Come sta andando il suo progetto con il Venezuela?
"Ruota tutto intorno all'idea, quando uno è allenatore ci sono da un lato i progressi sportivi e dall'altro quelli a più ampio raggio. Con la squadra stiamo lottando in una eliminatoria per andare ai Mondiali, ma al contempo fuori dal campo stiamo portando avanti un grande progetto per lasciare cose buone all'interno della federazione. Sono coinvolte le categorie giovanili, dalla Sub-23 alla Sub-15. Lavorare, per lasciare qualcosa di buono al Venezuela".
Che tipo di lavoro sta facendo?
"Il nostro obiettivo è quello di portare il Venezuela ad un livello dove sia molto competitivo, non solo a livello di Nazionale, ma magari anche per i club che giocano a livello internazionale. Logicamente partiamo dal lavorare sulla base che c'è internamente al Paese: i club, le loro giovanili. E sviluppare tutto non solo nel presente, ma soprattutto in ottica futura".
Quando conobbe Nico Gonzalez? È vero che lo convinse a non mollare con il calcio?
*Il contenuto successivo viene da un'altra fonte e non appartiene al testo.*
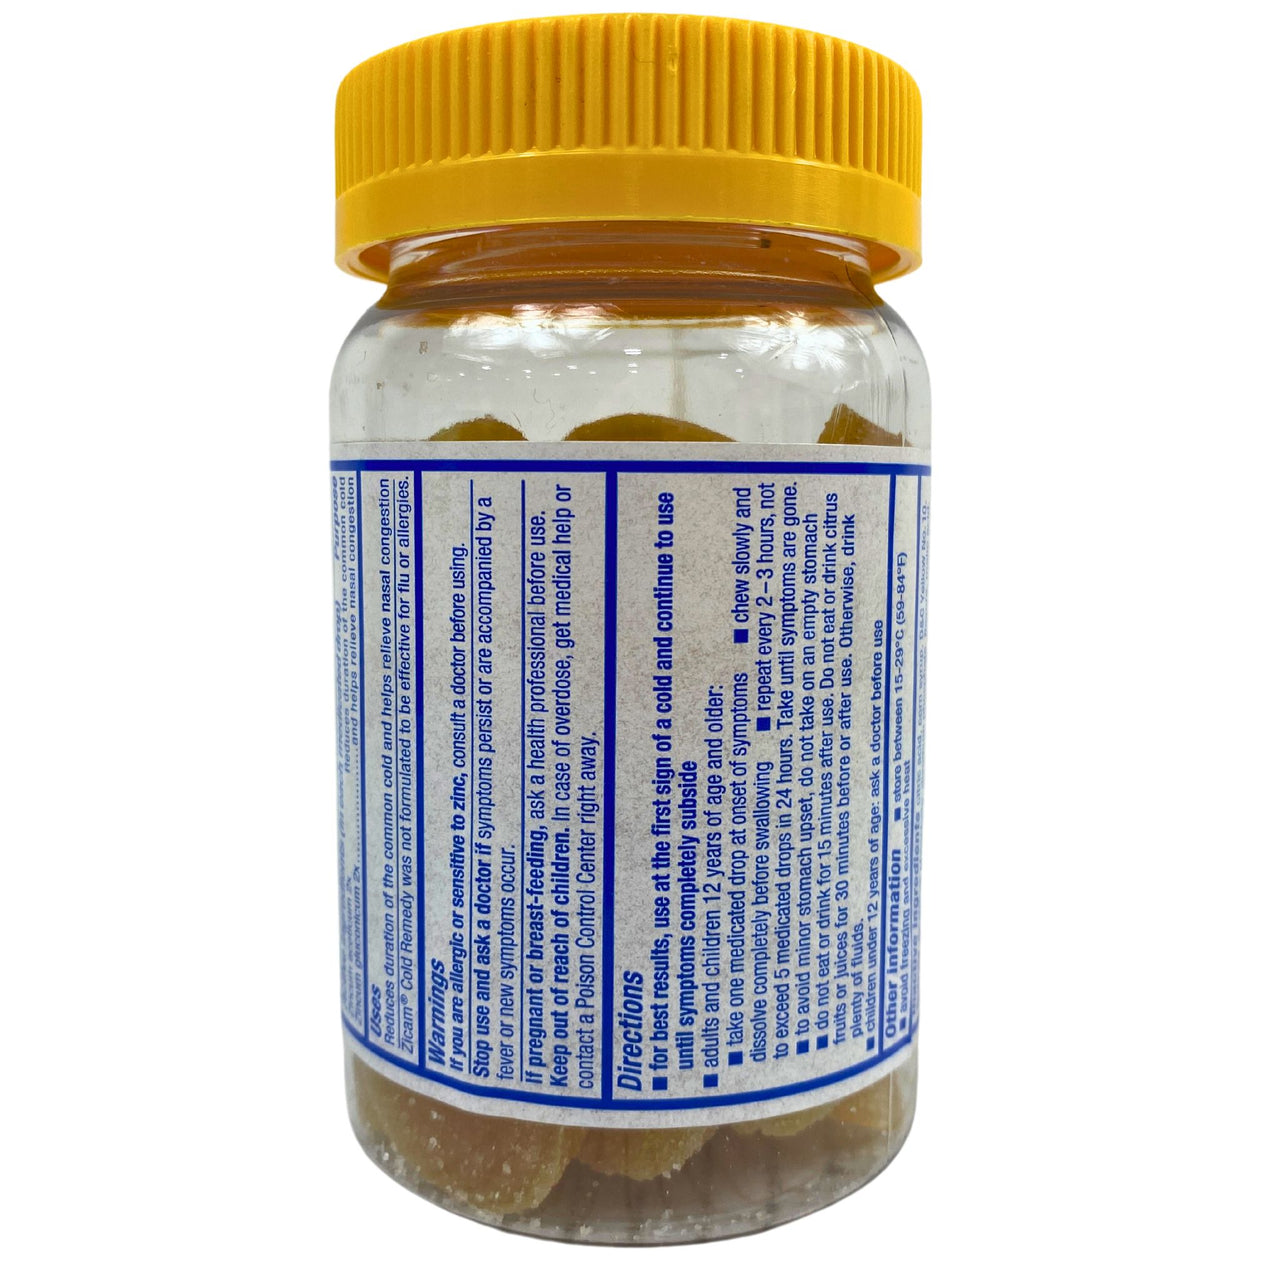 Zicam Cold Remedy Real Manuka Honey Medicated Fruit Drops

"Lo conosco da quando ha 7-8 anni, ci siamo incontrati all'Argentinos Juniors ai suoi inizi. Ero coordinatore generale di tutto il settore giovanile e infantile. Conosco bene tutta la sua famiglia: i parenti sono fondamentali quando un ragazzo inizia a giocare a calcio e tenta di diventare un calciatore. Non so se dire che volesse con fermezza mollare il calcio, ma a 11-12 anni Nico era, come tanti altri, in una tappa di crescita, di fortificazione anche fisica".
E cosa successe?
"In quel momento nella sua categoria non aveva continuità e non era titolare come ovviamente tutte le famiglie vorrebbero per il loro bambino. In quella fase però avevamo visto lui un ragazzo con margini di miglioramento sui quali lavorare. Parlando con lui e la famiglia, grazie a Dio lo hanno capito e ci hanno lasciati lavorare tranquilli con il ragazzo. Oggi si possono vedere i risultati: non so se volesse davvero abbandonare il calcio, ma sicuramente era molto demotivato e sono contento di vedere i risultati che ha già raggiunto".
La sua partenza è netta quest'anno, da leader. Messi alle spalle gli stop fisici, sarà il suo anno?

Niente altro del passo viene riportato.